Find and plot the potential distribution between two long concentric cylinders. The length of the cylinders is \mathscr{L} . The boundary conditions are: V(ρ = a) = V_{0} and V(ρ ≥ b) = 0.
Because of the symmetry, we should employ Laplace’s equation in cylindrical coordinates (4.22). We can assume that the cylinders are of infinite length and let \partial V / \partial z = 0 . In addition, there is no variation in the \phi direction, hence \partial V / \partial \phi = 0. We have to solve the one-dimensional Laplace’s equation in cylindrical coordinates, which becomes an ordinary differential equation in the independent variable ρ.
∇^{2} V = \frac{1}{\rho } \frac{\partial}{\partial \rho }\left\lgroup\rho \frac{\partial V }{\partial\rho } \right\rgroup + \frac{1}{\rho ^{2}} \frac{\partial ^{2} V}{\partial \phi^{2}} + \frac{\partial ^{2} V}{\partial z^{2} } (4.22)
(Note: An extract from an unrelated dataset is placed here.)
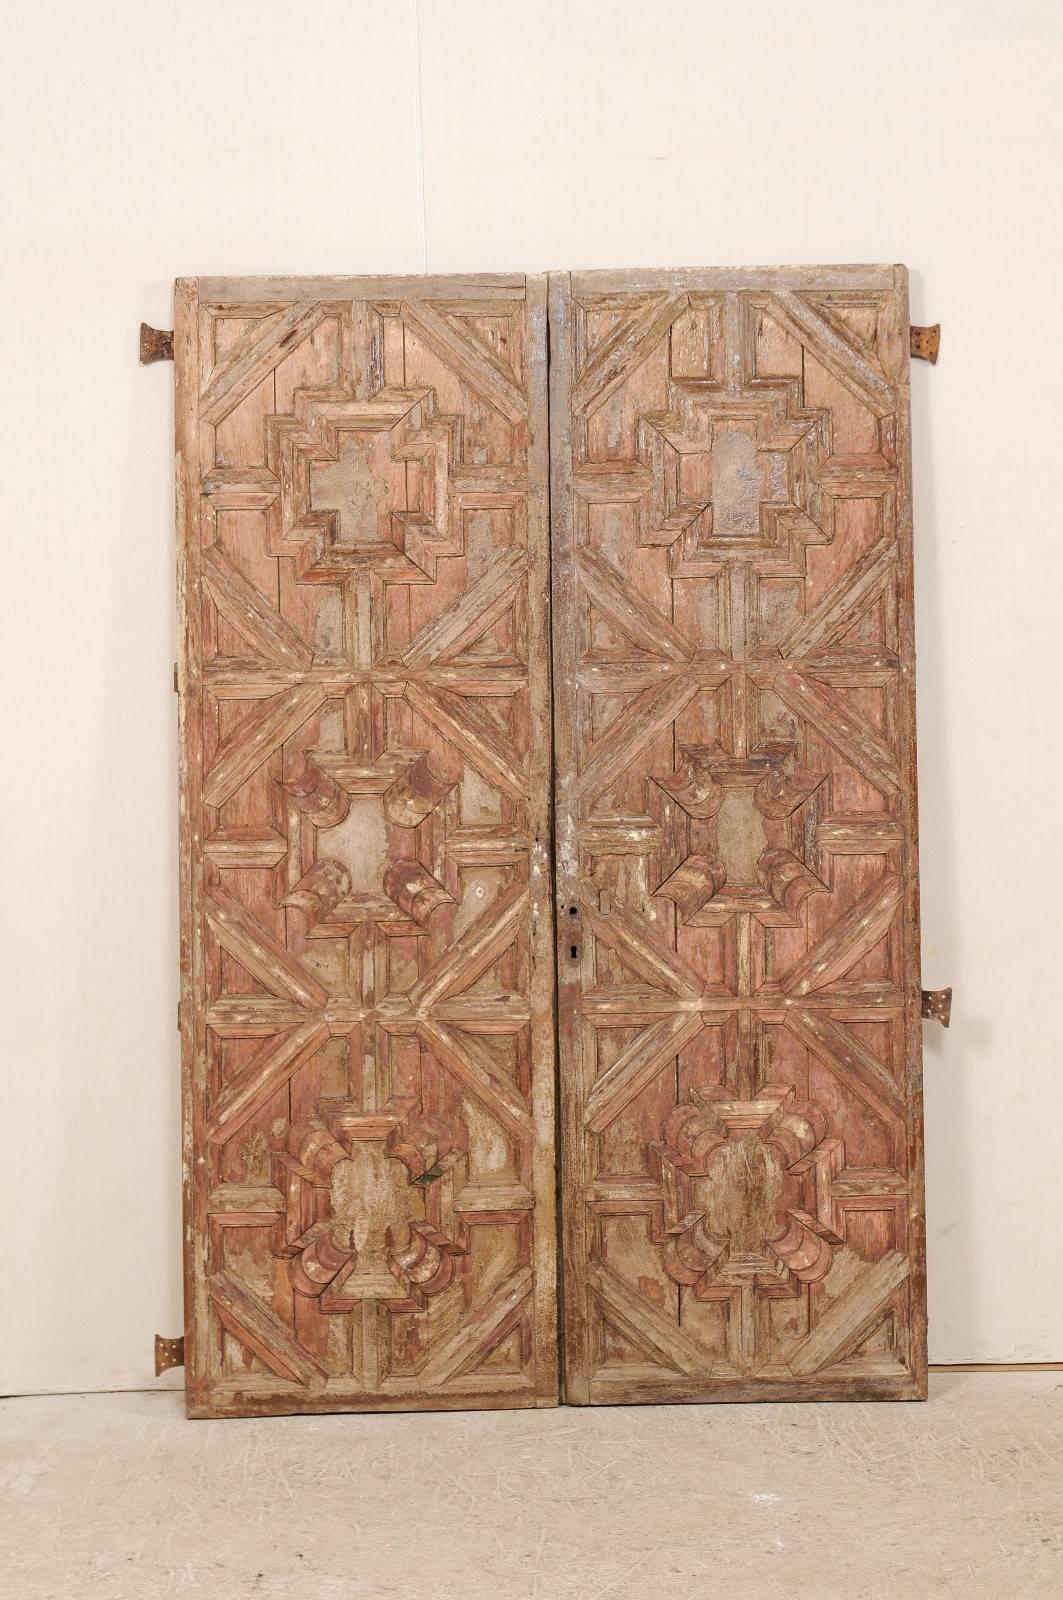 A pair of 18th century Spanish wood carved doors. This pair of antique Spanish doors feature intricately carved and recess front panels on their front sides, with a geometric pattern. Their backsides are not carved, and have simple, clean lines. The

\frac{1}{ρ} \frac{d}{dρ} \left\lgroup\rho \frac{dV}{d\rho } \right\rgroup = 0After multiplying both sides of this equation by ρ, we find the first integration yields
\frac{dV}{d\rho } = \frac{C_{1}}{\rho}which is the radial component of the electric field with a minus sign. The second integration yields
V =C_{1} \ln\rho + C_{2}Applying the boundary conditions, we write
V(\rho =a) \Rightarrow V_{0} = C_{1} \ln a+ C_{2}\\V(\rho = b) \Rightarrow 0 = C_{1} \ln b + C_{2}The constants of integration C_{1} and C_{2} are found from the simultaneous solution of these two equations.
C_{1} = \frac{V_{0}}{\ln(a/b)} and C_{2} = -C_{1} \ln b
The potential variation between the two cylinders is finally written as
V = V_{0} \left\lgroup\frac{\ln(\rho /b)}{\ln(a /b)} \right\rgroupwhere a < ρ < b. The variation of the potential for the radius b = 4a is shown below. Note that the potential within the inner cylinder is a constant.